# Neues Passwort



## lambojaeger (9. Nov. 2008)

Hallo,

wie kommt es, daß ich zum wiederholten Mal beim Anklicken der "Hobbyteich-Site" trotz "angemeldet bleiben" -Häckchen nach meinem Passwort gefragt werde und nach der Eingabe dieses Passwort angeblich falsch ist. Einmal vertippen okay, zweimal vielleicht, aber fünfmal?

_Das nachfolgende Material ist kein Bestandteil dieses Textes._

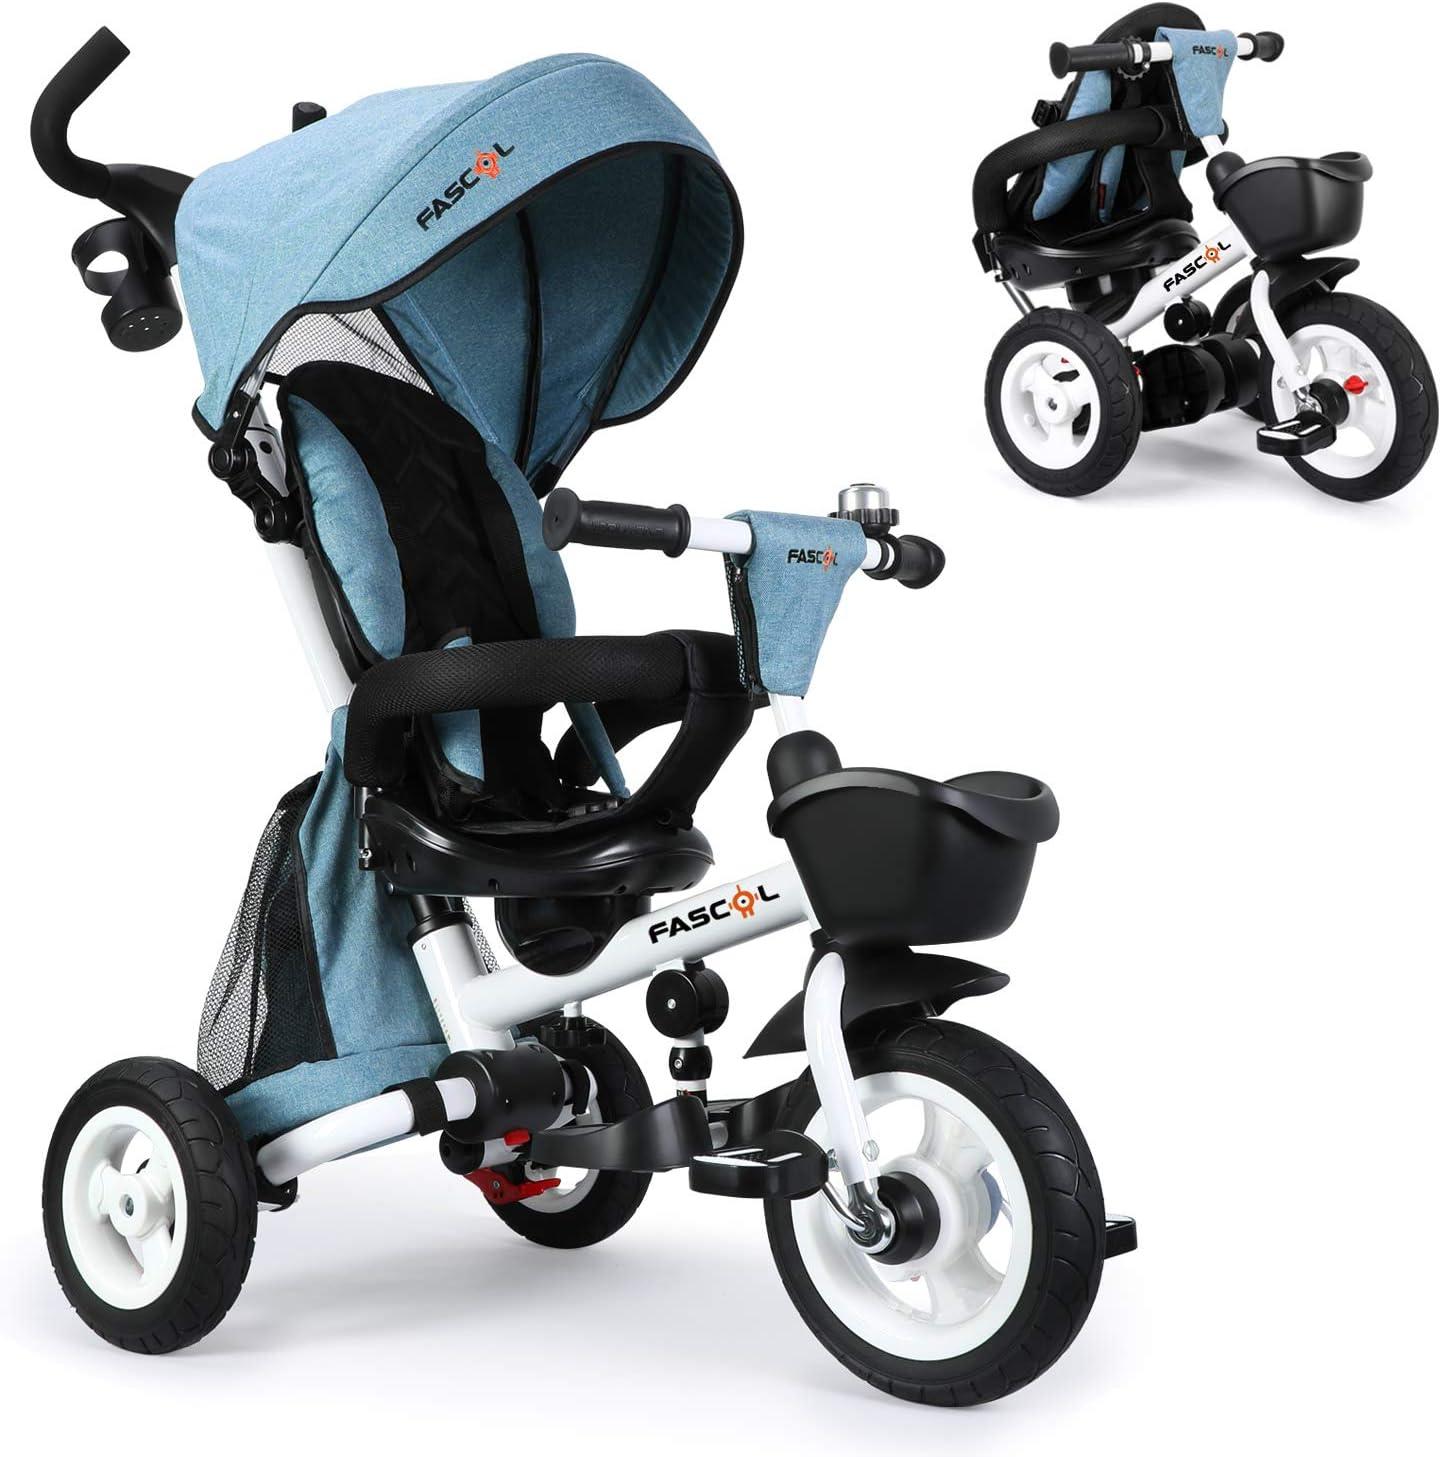 Fascol 6 en 1 Triciclos Bebés Plegables con Ruedas de Goma y 360° Asiento Giratorio, Triciclo Evolutivo para 6 Meses a 5 Años Niños con Capota Desmontable y Barra Telescópica, Carga Máxima 30 kg, Azul

Bitte gebt mir Nachricht, was es sein könnte.

LG Thomas


----------



## Annett (9. Nov. 2008)

*AW: Neues Passwort*

Hallo Thomas,

ich könnte Dir ein neues PW geben, wenn Du es nicht mehr ganz sicher weißt. Dieses kannst Du hinterher wieder ändern.
Das beschriebene Ausloggen, liegt aber eher an einem Cookie-Problem Deinerseits.
Das Eingeloggt bleiben fkt. nur über einen Cookie.


----------



## robsig12 (9. Nov. 2008)

*AW: Neues Passwort*



			
				lambojaeger schrieb:
			
		

> Hallo,
> 
> wie kommt es, daß ich zum wiederholten Mal beim Anklicken der "Hobbyteich-Site" trotz "angemeldet bleiben" -Häckchen nach meinem Passwort gefragt werde und nach der Eingabe dieses Passwort angeblich falsch ist. Einmal vertippen okay, zweimal vielleicht, aber fünfmal?
> 
> ...



Wie lautet den Dein Passwort?




Nein war nur ein Witz, nicht posten....:__ nase


----------



## lambojaeger (10. Nov. 2008)

*AW: Neues Passwort*

Hallo Annett,

danke für deine Antwort. Ich denke, du hast Recht mit dem Einloggen über Cookies. Die wurden nämlich gestern Nachmittag automatisch gelöscht.
Also, alles wieder im Lot. Danke.

LG Thomas


----------